■ **What the task requires**
Would you set down the data that follows, word for word, without any pictures?

■ **Recorded data**
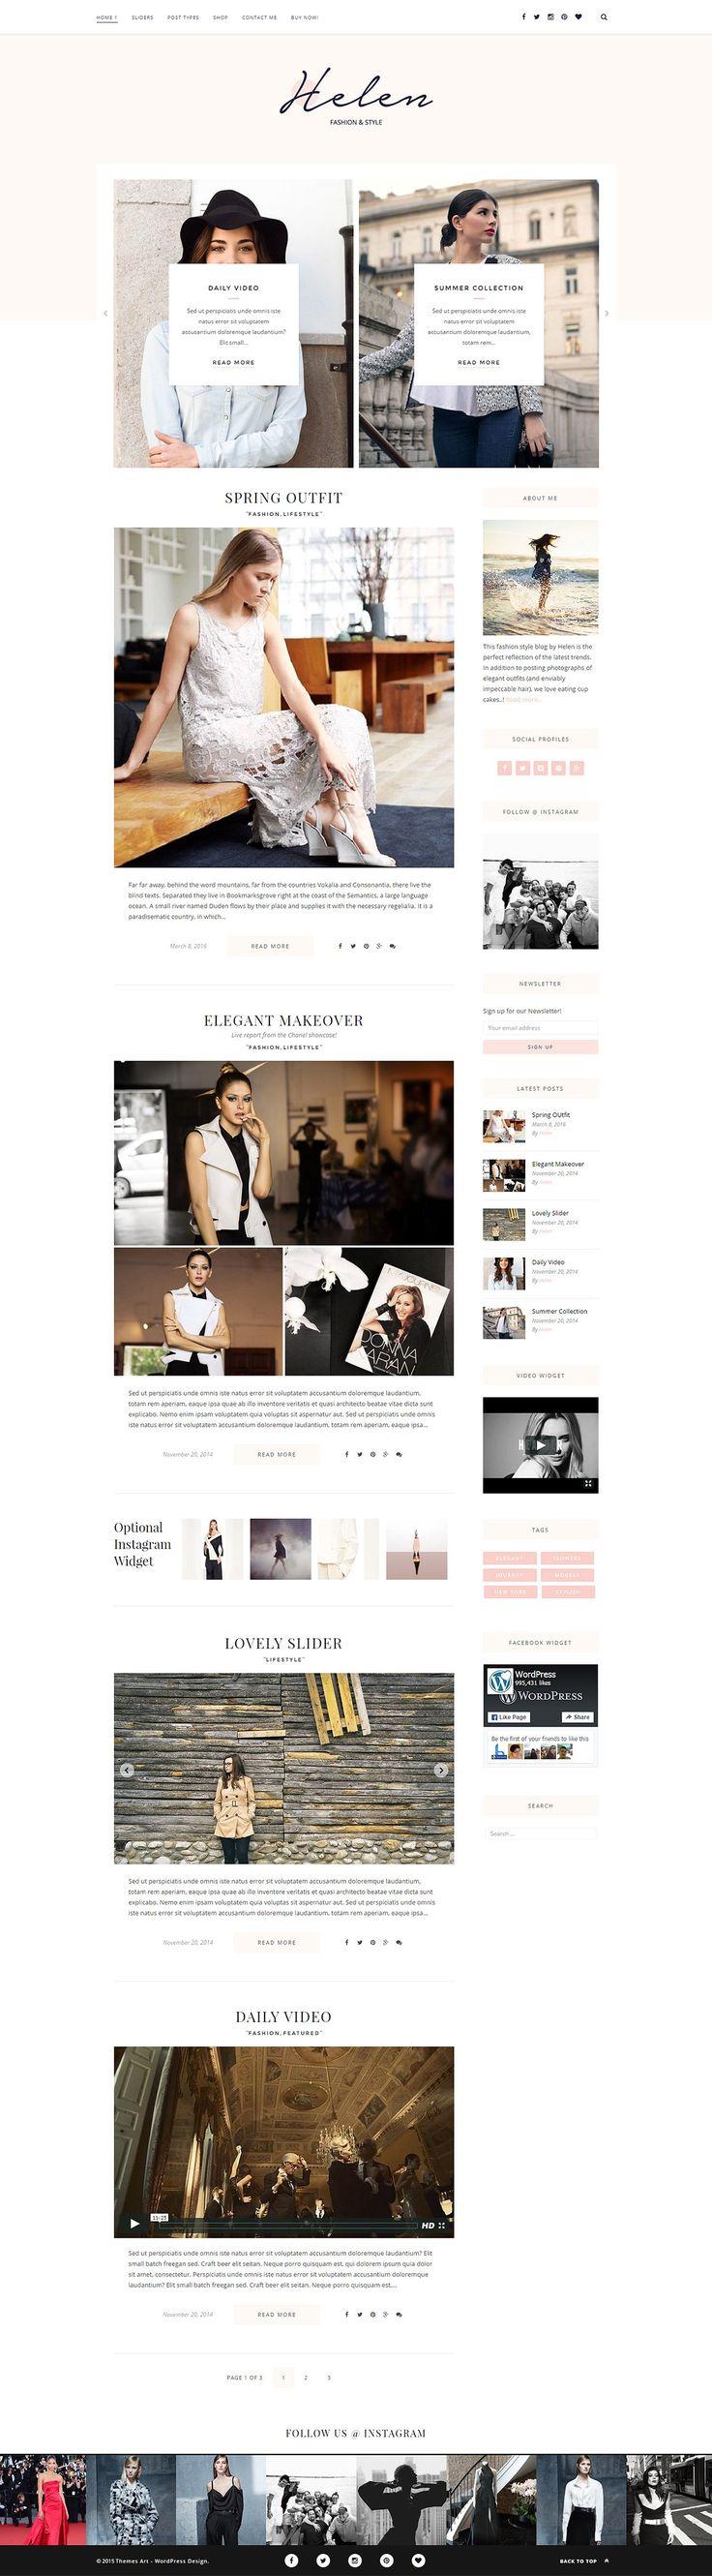 146 best WordPress themes images on Pinterest
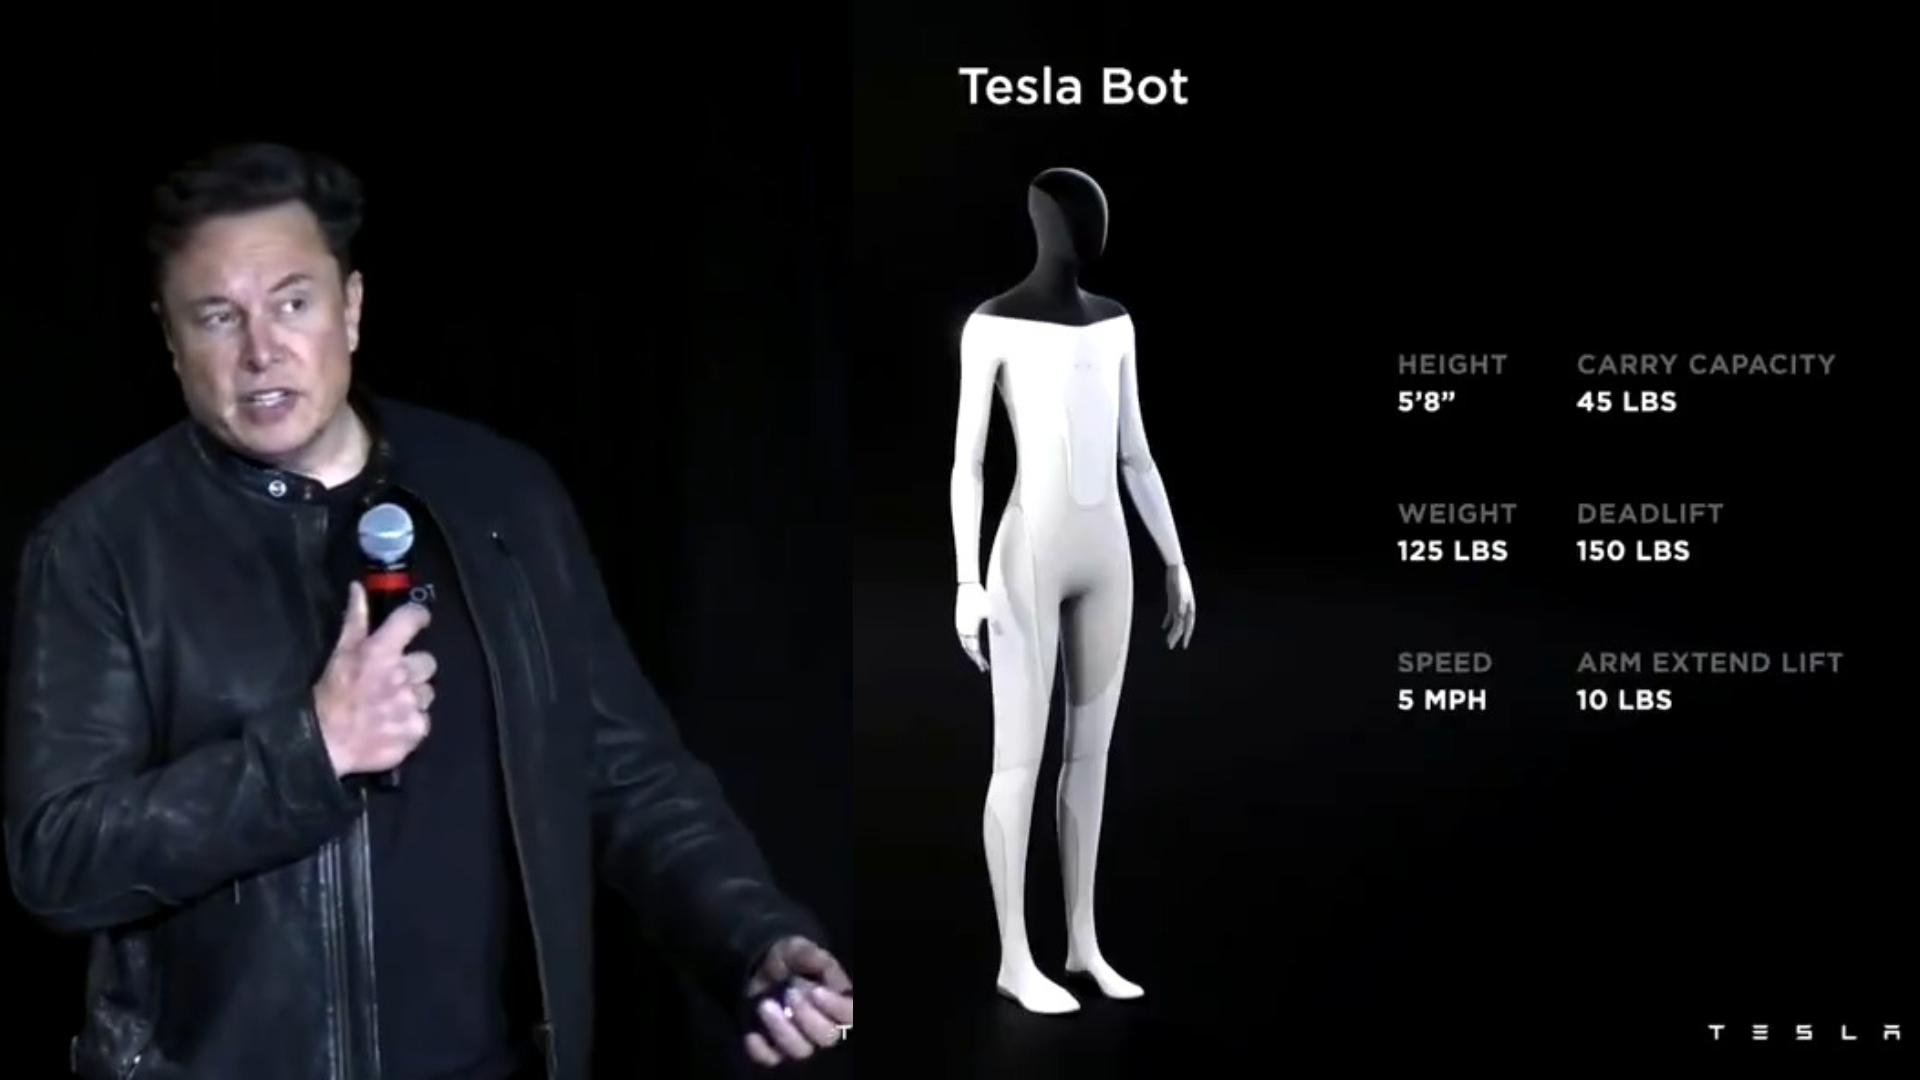 Elon Musk unveils an AI humanoid Robot
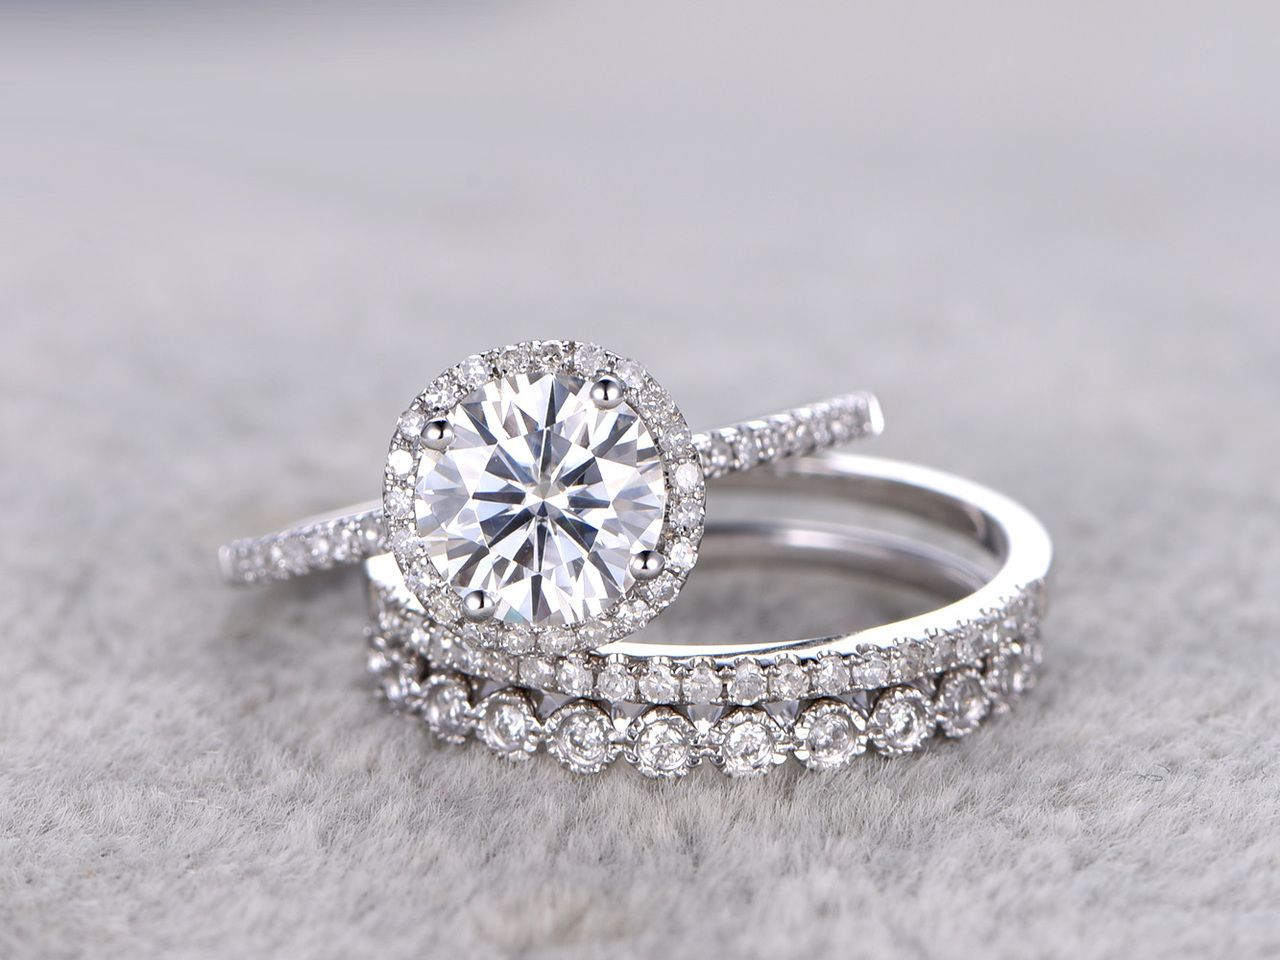 3pcs Moissanite Wedding Ring Set Diamond Matching Band White Gold

■ **Result**
 146 best WordPress themes images on Pinterest
 Elon Musk unveils an AI humanoid Robot
 3pcs Moissanite Wedding Ring Set Diamond Matching Band White Gold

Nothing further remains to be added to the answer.